Andrew Sanefski is founder and president of Perimetek Pest Management Corp., based in East Syracuse, N.Y. He also is the lead researcher for his firm’s Urban Entomology Lab. Sanefski and his team based their research on four years of collected data on the frequency and severity of ant activity within homes across Onondaga, Madison and Oswego counties. The project focused on the black carpenter ant (Camponotus pennsylvanicus) because it is the most destructive ant species in the region. Per Truman’s Scientific Guide to Pest Management Operations, Seventh Edition, “carpenter ants do not use wood for food. They cut galleries with the wood grain and prefer to follow softer areas of the wood. The galleries are generally smooth and clean — hence the ‘carpenter’ moniker for these ants… (They) are of economic importance because of the damage they do to structures, the food they contaminate, and their unsightly and unwanted movement inside and outside of buildings.”

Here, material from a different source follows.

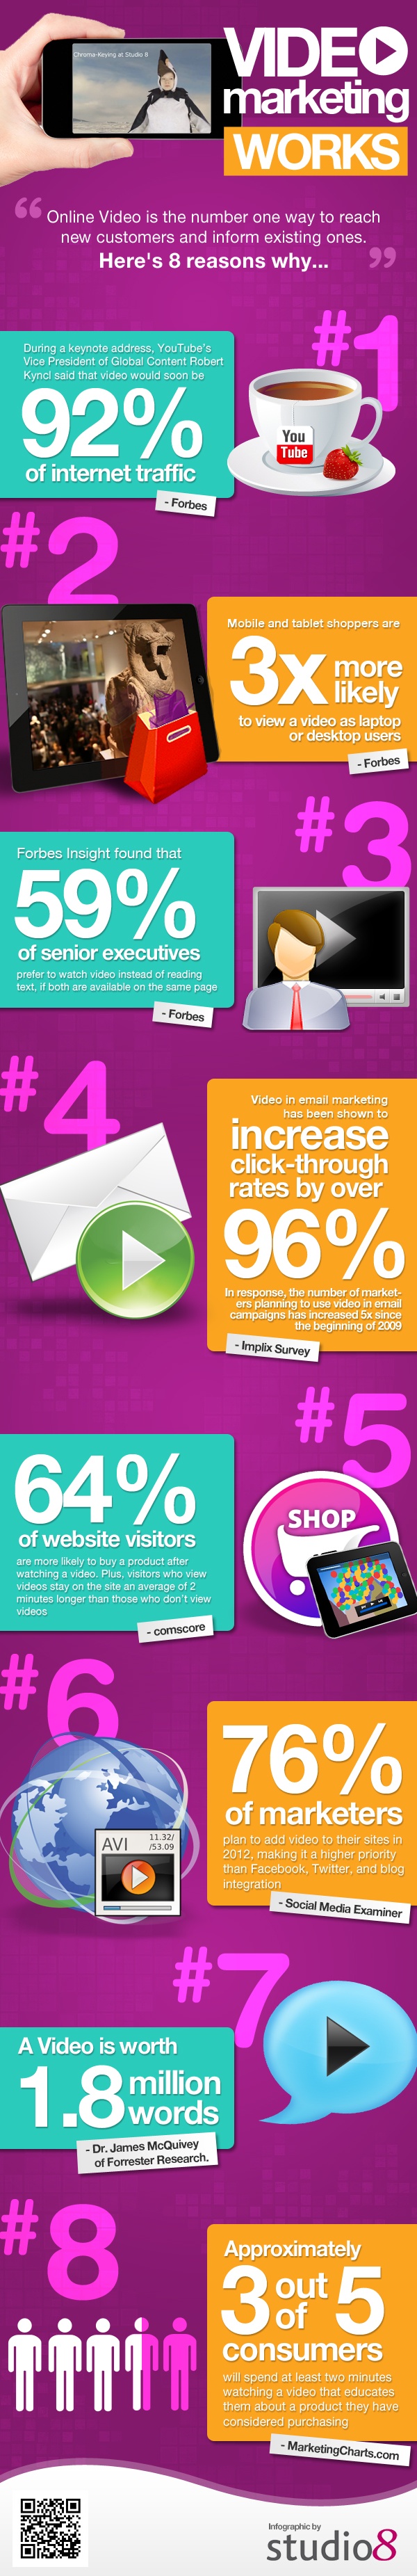 Nostromo agence de communication vous presente une infographie sur l'utilite de la video sur le web pour votre marketing
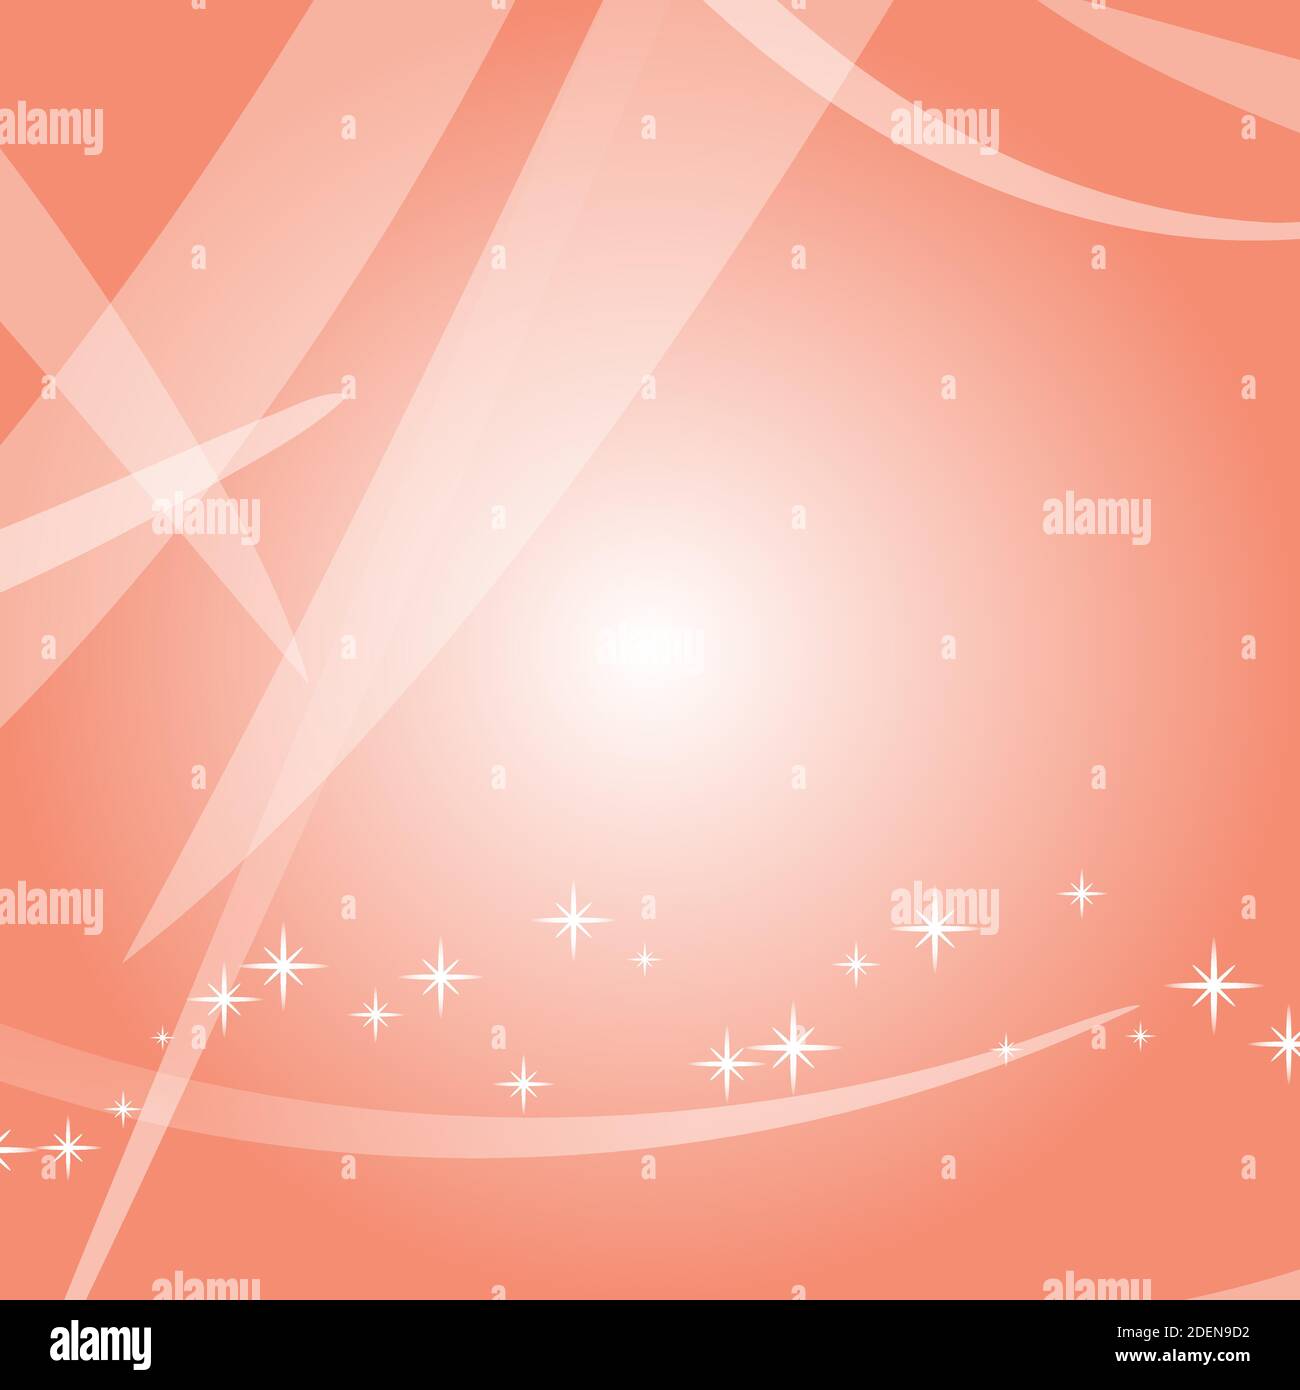 Farbenfroher abstrakter Hintergrund mit Kreisen und Sternen. Helles Design. Einfache flache Vektordarstellung. Stock Vektor

“We began our research expecting that the average temperature would dictate the levels of observed ant activity, but we found no such correlation,” Sanefski reports. “As it turns out, annual rainfall appears to be the key factor. What we found was a nearly perfect correlation between annual rainfall and carpenter ant activity.”
The next phase of the research project, he says, is to determine why this link exists, and to develop a way to predict the level of black carpenter ant activity from year to year.